Sabato 3 agosto, ultimo giorno di spettacoli a Drodesera

«In uno spazio spezzato da pesanti sipari si sente cantare ogni sera una voce diversa senza mai poterla vedere»

Ultimo giorno di spettacoli per la trentatreesima edizione di Drodesera, e ultima occasione per ammirare l’installazione site-specific Palco di Francesca Grilli, invitata quest’anno alla Biennale di Venezia per rappresentare l’Italia e le eccellenze trentine.
Centrale Fies le ha affidato per MEIN HERZ l’intera Galleria Trasformatori, cuore fisico dei suoi spazi, per una coinvolgente installazione-performance dedicata al tempo e alla sua ciclicità.
In uno spazio spezzato da pesanti sipari si sente cantare ogni sera una voce diversa – dalla più giovane alla più vecchia – senza mai poterla vedere (dalle 18.30 alle 24.00, performance alle19.00 e alle 20.00 – ingresso libero).
Ultima serata anche per Tank Talk di Codice Ivan, che prosegue il lavoro sulle relazioni della compagnia a partire dalla suggestione potente del giovane studente senza nome che interruppe la marcia dei carri armati di piazza Tienanmen (dalle 19.00 alle 24.00 in Sala Mezzelune).
 
Gli spettacoli iniziano alle 19.30 (replica ore 23.30) in Forgia con Something uncovered can’t be covered again di Michael Fliri, artista altoatesino che lavora sull’identità e sul travestimento, mettendosi in gioco ancora una volta in prima persona e moltiplicando se stesso mille volte proiettandosi in ambienti sempre diversi.

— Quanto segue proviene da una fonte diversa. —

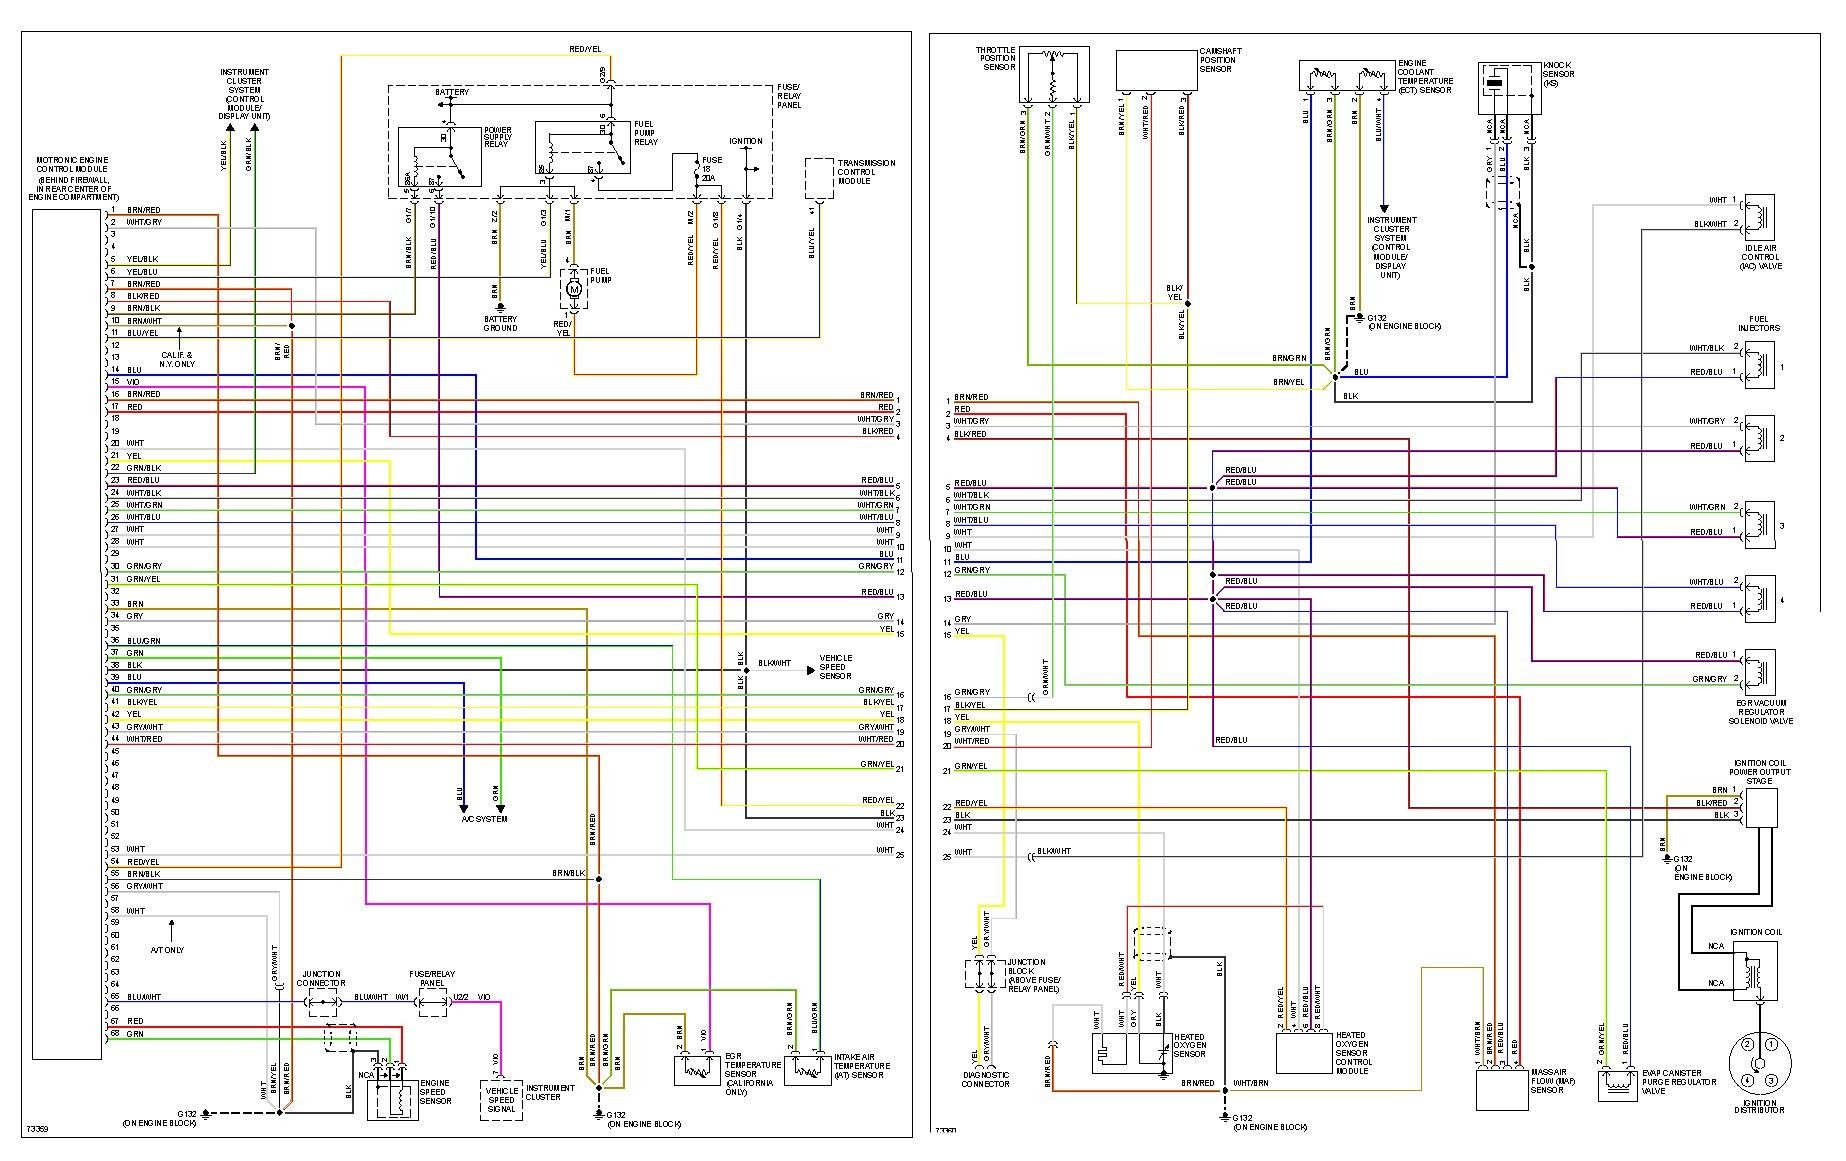 Unique Audi A4 Central Locking Pump Wiring Diagram Diagram Diagramtemplate Diagramsample Jetta A2 Jetta A4 Chevrolet Astra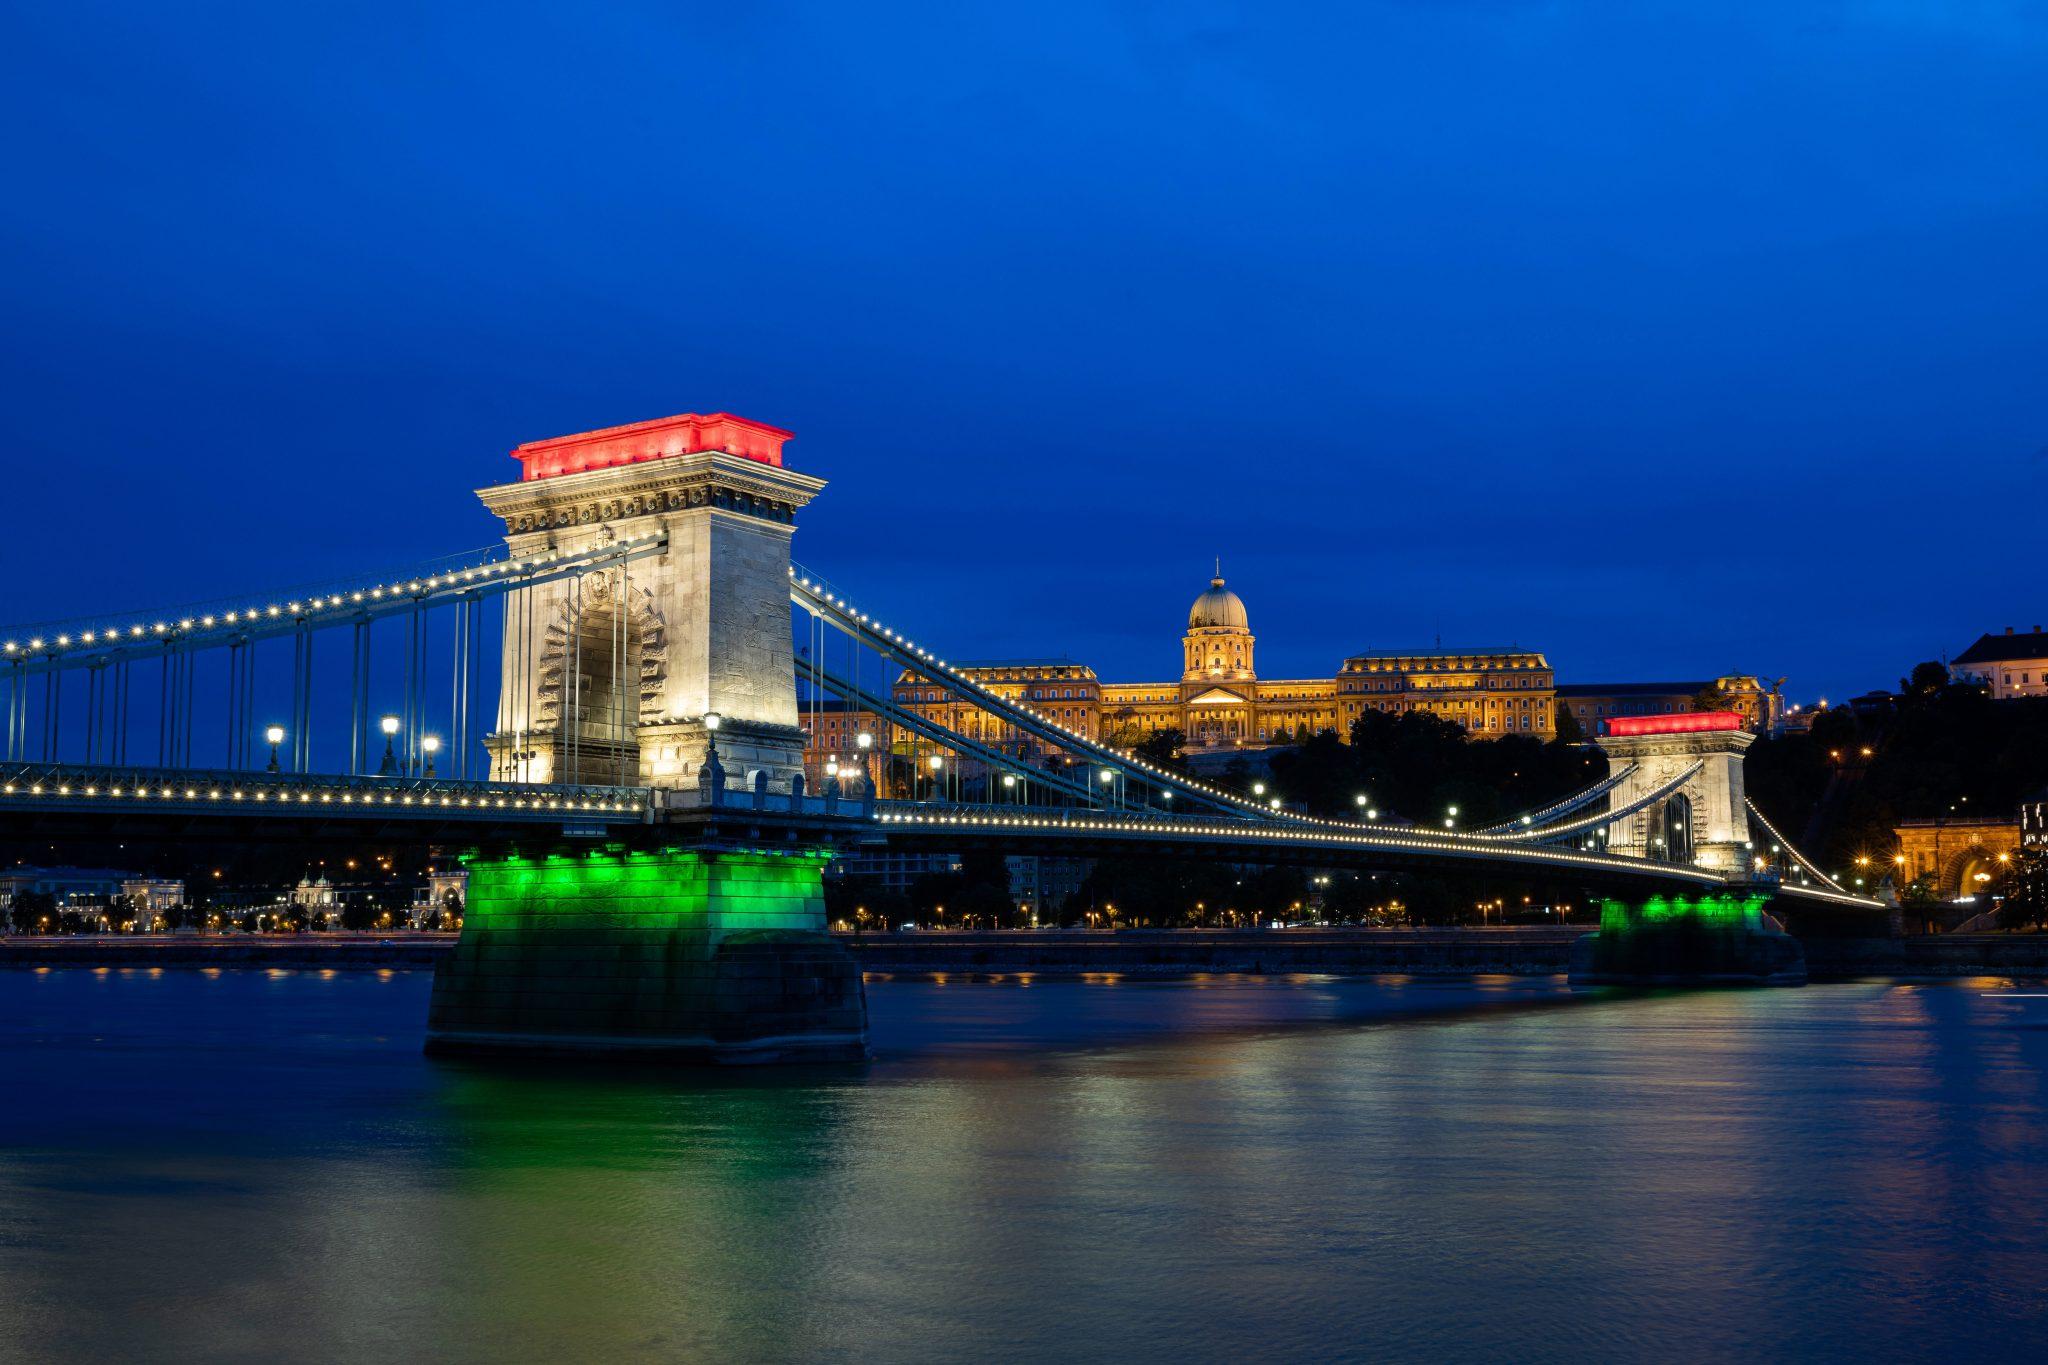 Star Actor Joseph Gordon-Levitt Asks for Photos of Hungary for New Project

Seconda e ultima replica anche per il regista francese Philippe Quesne, che è tornato a Centrale Fies dopo il successo dello scorso anno con la prima rappresentazione italiana di Anamorphosis (Turbina 2, ore 20.30) e per una delle compagnie di Fies Factory, prodotta e promossa da Centrale Fies: pathosformel – al festival con la prima nazionale di T.E.R.R.Y. – è in Sala Comando alle 22.00.
La chiusura della trentatreesima edizione di Drodesera è affidata a PoP_X, tra le realtà più promettenti della scena musicale trentina.
Peterpan e i ragazzi perduti è una rilettura tragicomica di un’infanzia disturbata, di un’isola che non c’è se non all’interno di una fantasia allucinata, un vortice di nichilismo euforico, alla fine paradossalmente gioioso e vitale.